-¿Qué tal Leandro? ¿Cómo estas tanto tiempo?- dijo la voz a mis espaldas, provocando que me atragantara con el mate que estaba tomando.

Giré para ver quién me hablaba y me sorprendí al verlo de pie, observándome desde la entrada de la cocina. La sonrisa de su rostro provocó que el susto le dejara lugar a la sorpresa por su increíble parecido con Jon Hamm.

-Bien…- Respondí dudando a pesar de no saber quién era.

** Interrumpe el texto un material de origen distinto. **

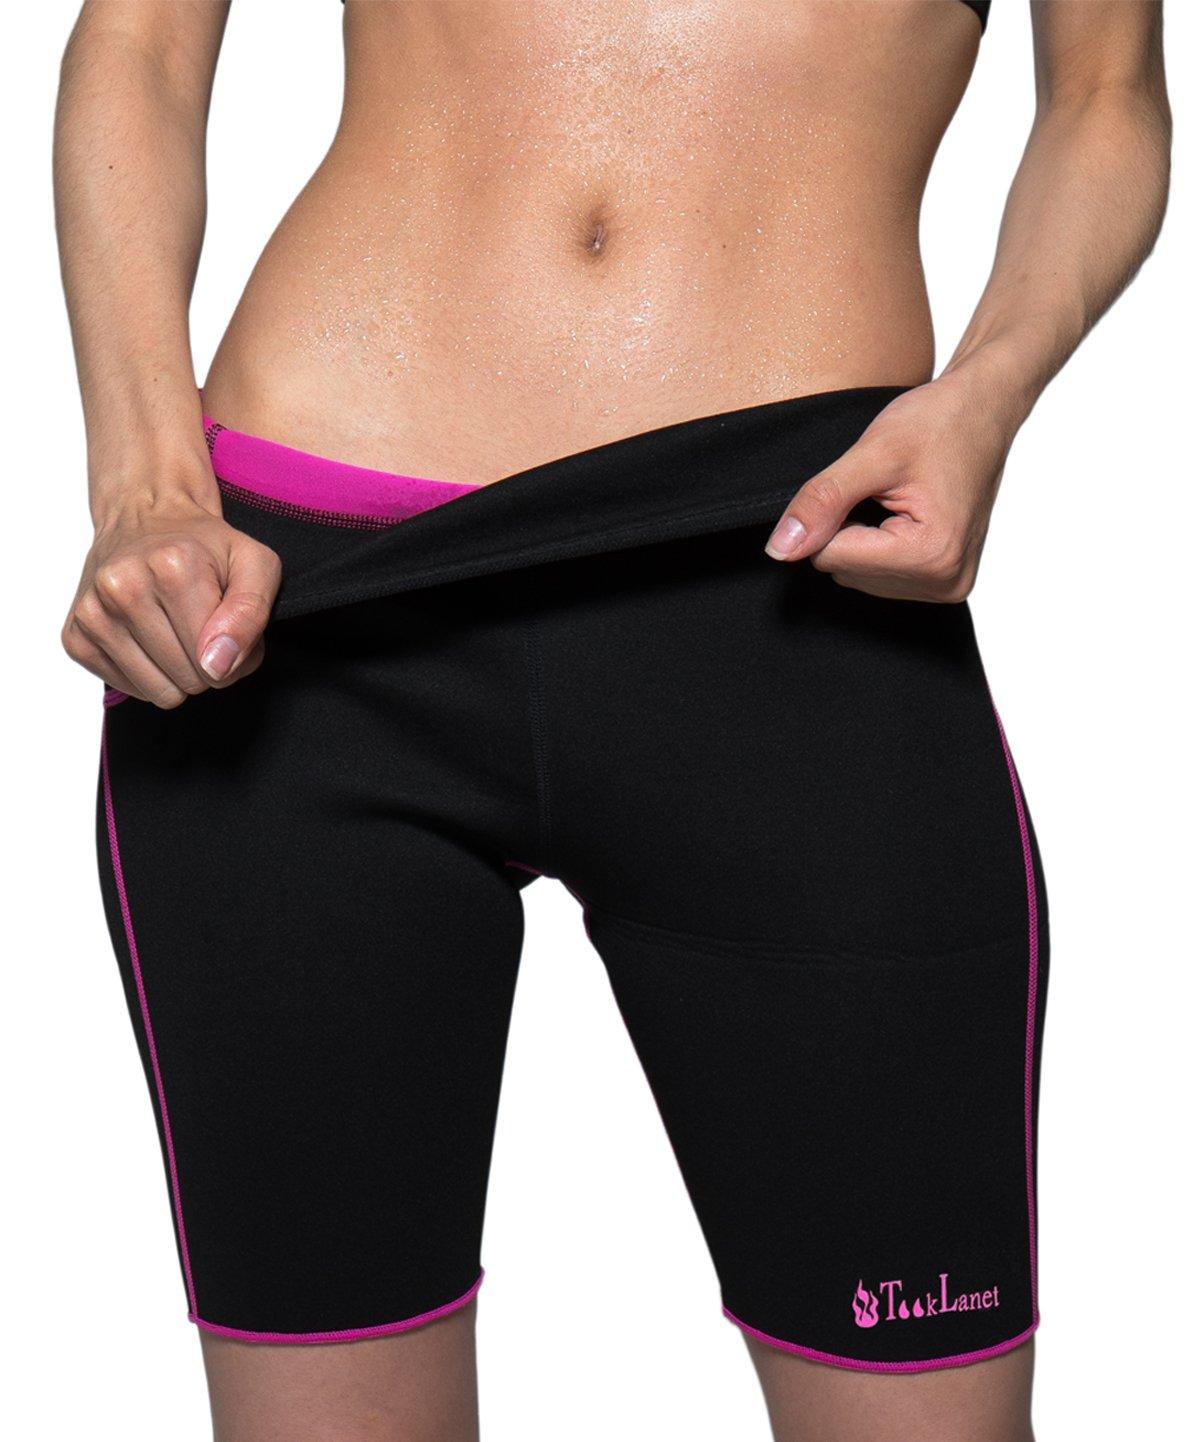 6750041481 Tooklanet Women s Slimming Short Pants Hot Thermo Sweat Sauna Neoprene Body  Shapers Weight Loss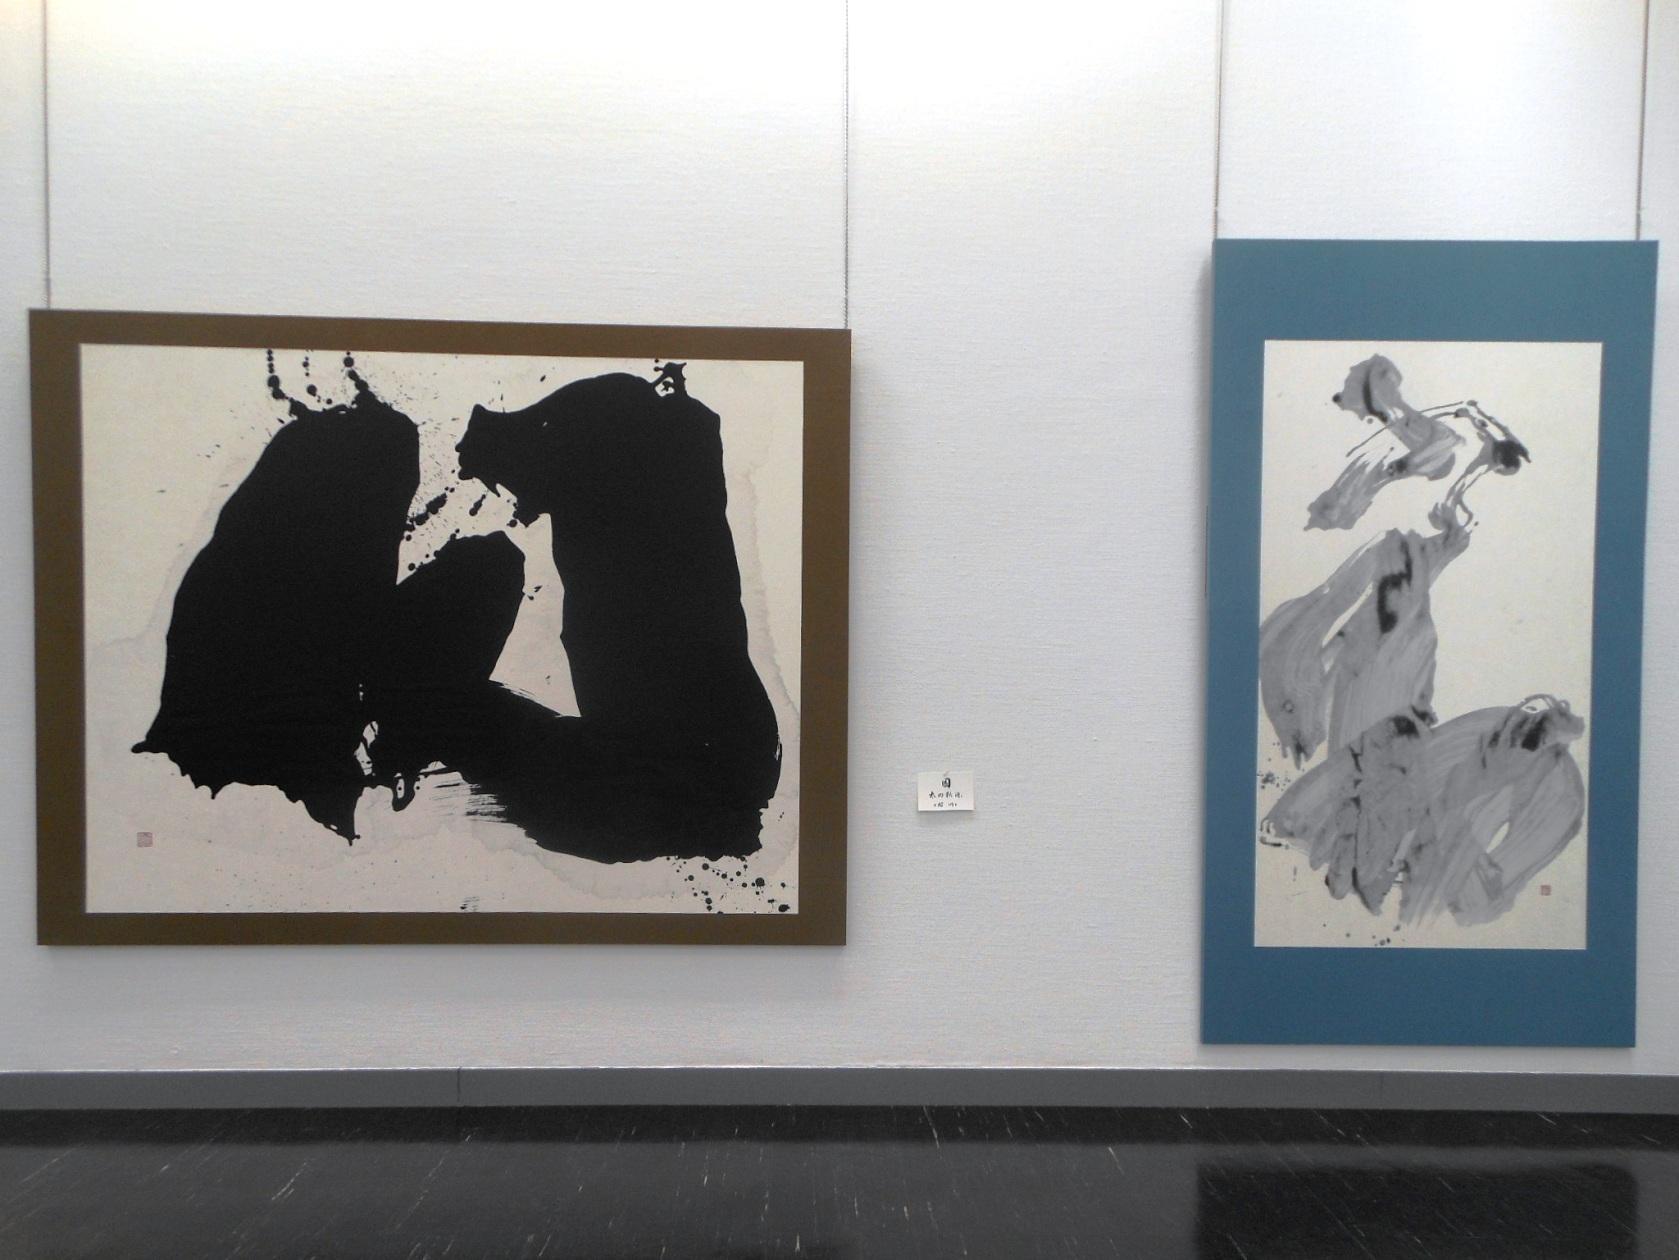 1690)「第26回 北海道墨人展」 市民ギャラリー 4月4日(水)~4月8日(日) _f0126829_15114489.jpg

Por alguna razón, a pesar de la intriga que tenía omití preguntárselo.

-¿Cómo entraste?- dije para no preguntarle quién era.

Se acercó a la mesa y se sentó en la silla opuesta a la mía, apoyando sus antebrazos sobre la mesa para quedar inclinado hacia mí.

-Esa no es la pregunta correcta- respondió.

Quedamos en silencio durante algunos segundos. Mientras mi cabeza comenzaba a pensar en cuál sería la pregunta correcta, me iba olvidando del pequeño detalle de no tener la menor idea de con quién estaba hablando. Un instante después me pidió un mate.

Lo cebé como siempre, con mucho cuidado, vertiendo lentamente el agua sobre la bombilla para que la yerba se humedezca lentamente desde abajo hacia arriba y se lo ofrecí. Al tomarlo hizo un gesto de disgusto y noté que tuvo que contener las ganas de escupirlo.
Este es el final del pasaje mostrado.